Help w/Matlab Interpolation Algorithms
I have an experimental dataset made up of 2D position coordinances. When plotted, the dataponts take on the shape of a circle or ellipse, with small sections where the data crosses back over its previous path. To aid in data analysis I am trying to interpolate between the datapoints so that there will be an even distribution of points along the entire trace.
In doing this I have converted the cartesian coordinances to polar coordinances, interpolating at a standard angle intervall (angle created by distance segment from datapoint to center, and horizontal axis) using the algorithm 'interp1'.
It seems during the instances where there may be more than one radius to an angle, the interpolated values begin jumping all over the place, not producing points indicative of the original trace. I'm wondering if there is an interpolation algorithm that lets me specify which radius to base the interpolation off of when there are more than one corresponding to an angle, or some other way I can interpolate that will eliminate the non-conformance at the points where the trace crosses over itself.
In doing this I have converted the cartesian coordinances to polar coordinances, interpolating at a standard angle intervall (angle created by distance segment from datapoint to center, and horizontal axis) using the algorithm 'interp1'.

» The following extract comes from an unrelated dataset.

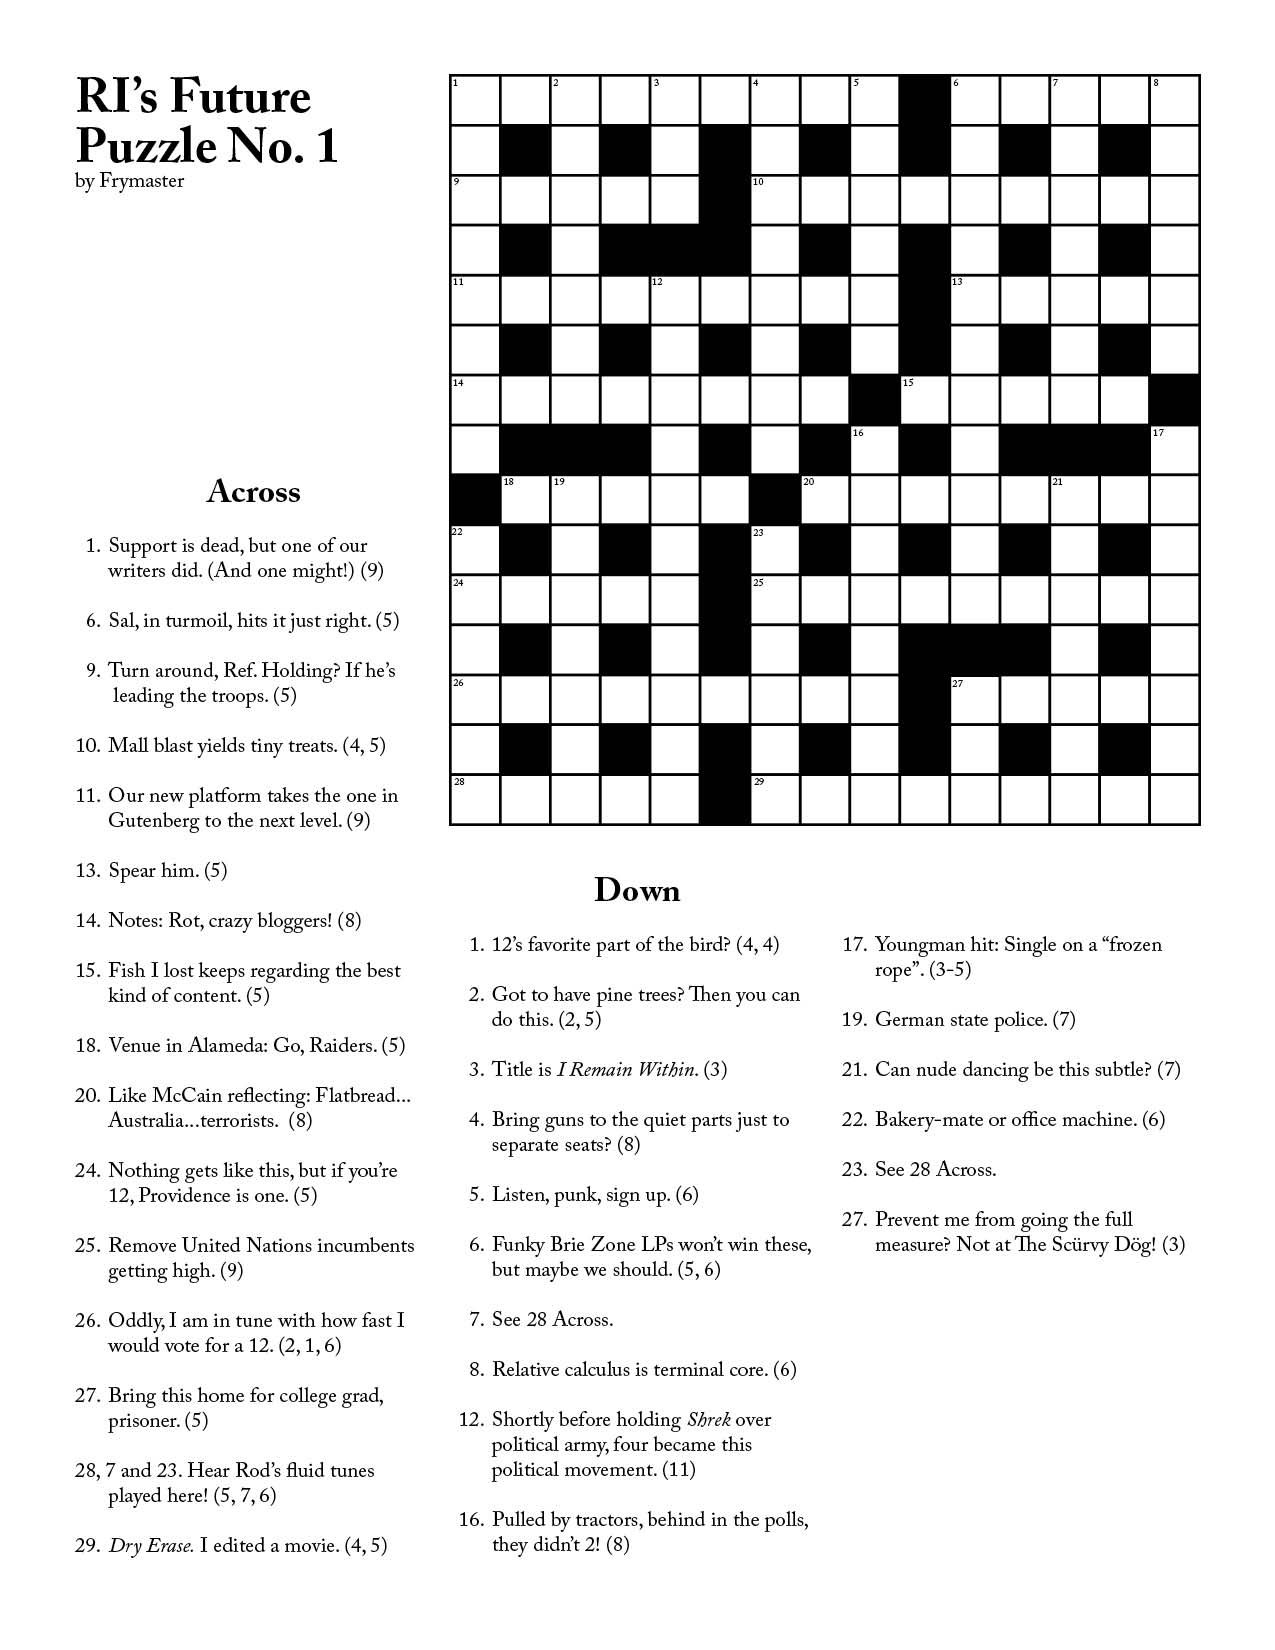 Daily Cryptic Crossword Printable
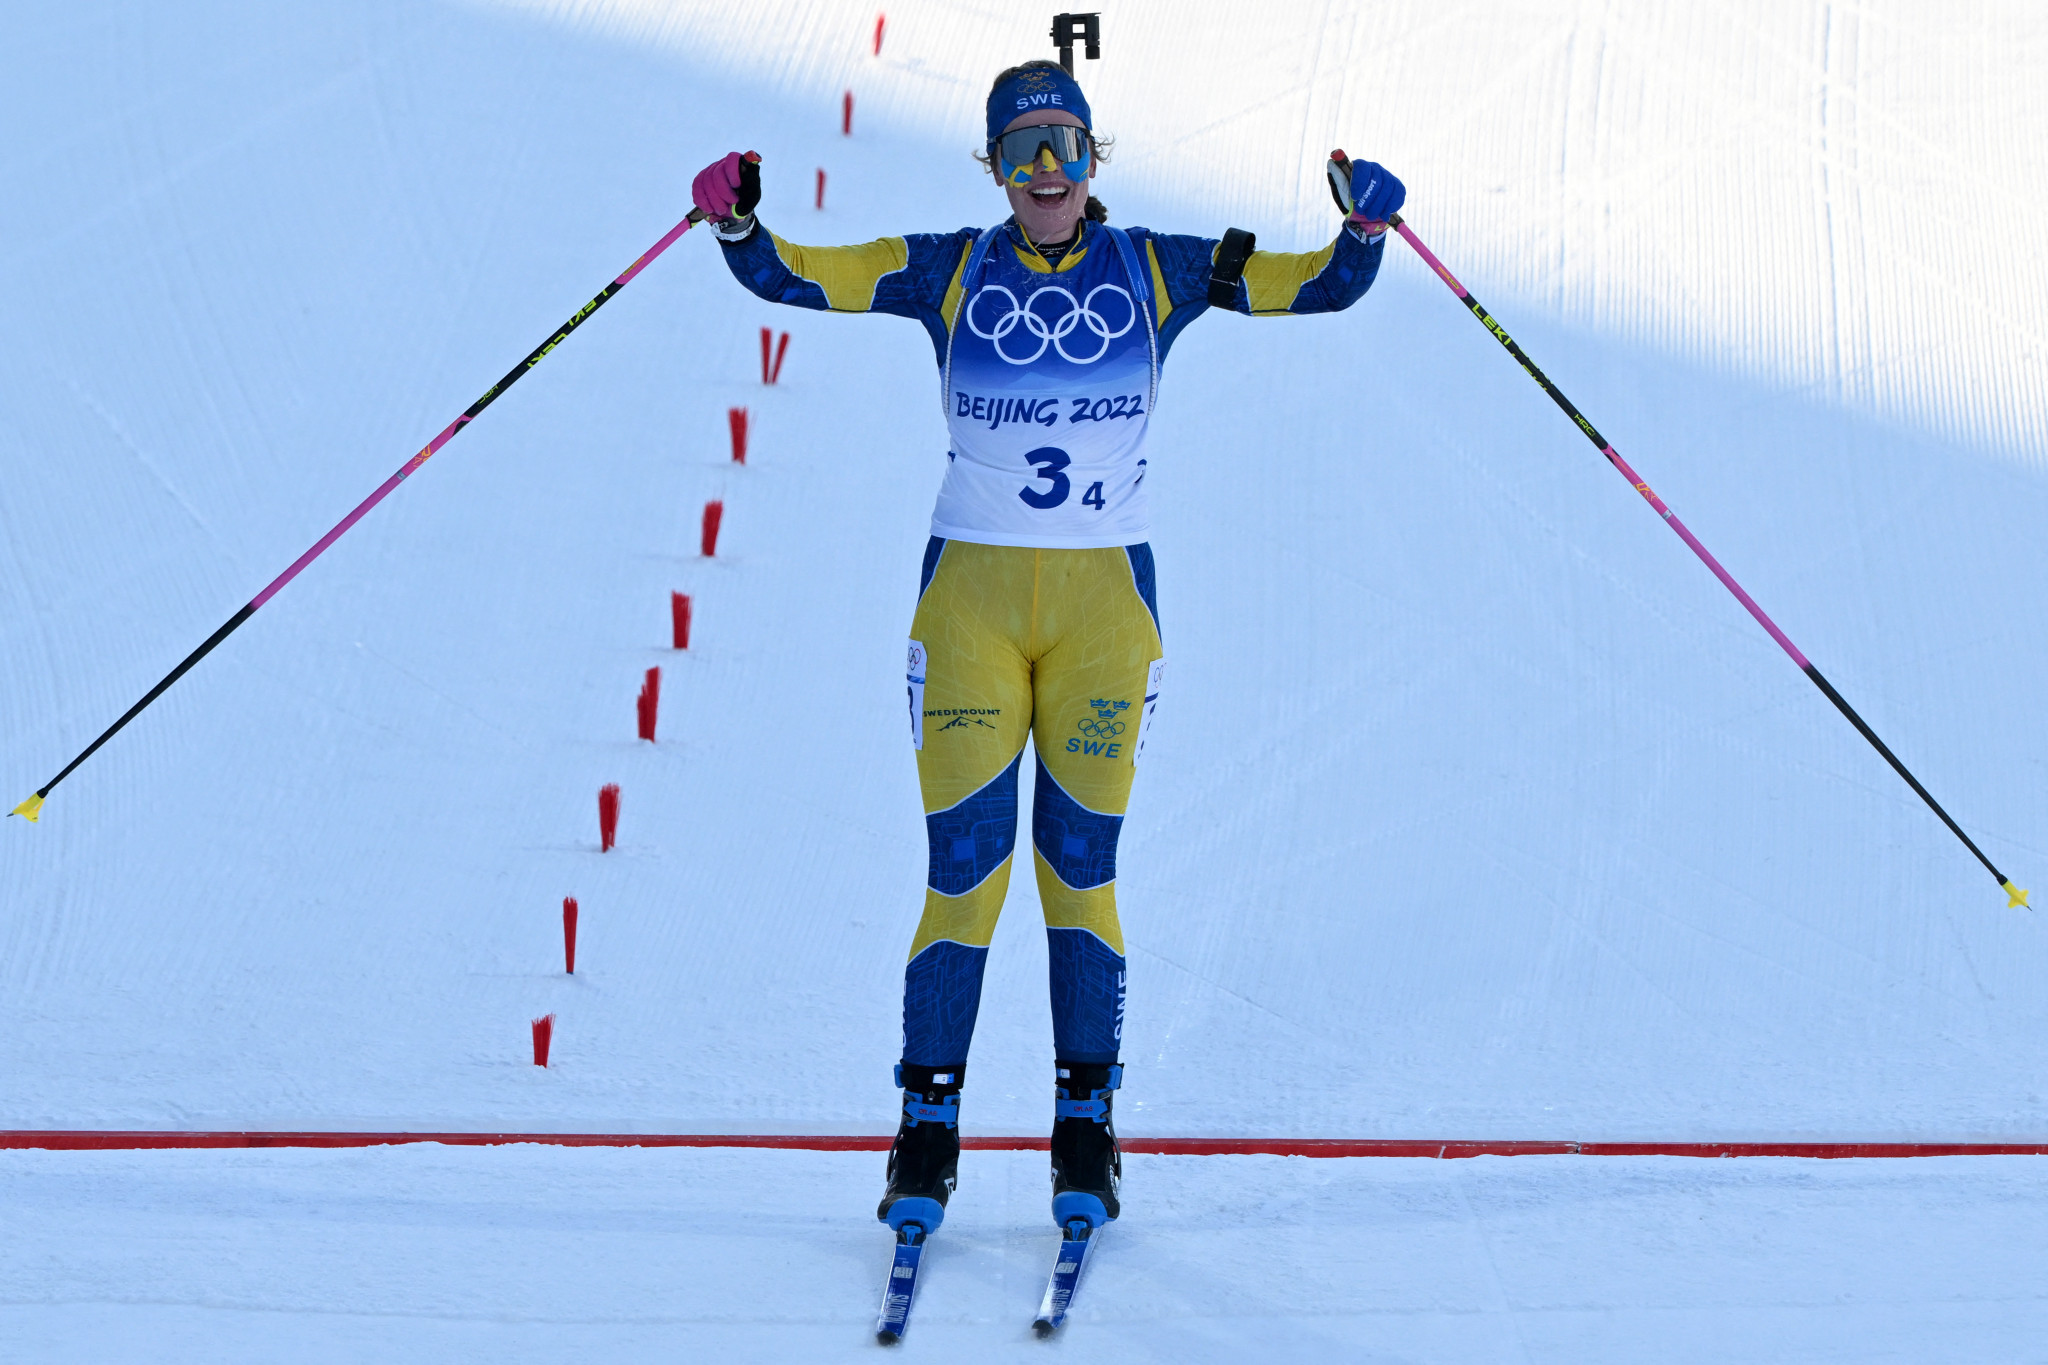 Not far behind, Elvira Öberg won a third medal of these Olympics as Sweden triumphed in the women's 4x6km biathlon race ©Getty Images

It seems during the instances where there may be more than one radius to an angle, the interpolated values begin jumping all over the place, not producing points indicative of the original trace. I'm wondering if there is an interpolation algorithm that lets me specify which radius to base the interpolation off of when there are more than one corresponding to an angle, or some other way I can interpolate that will eliminate the non-conformance at the points where the trace crosses over itself.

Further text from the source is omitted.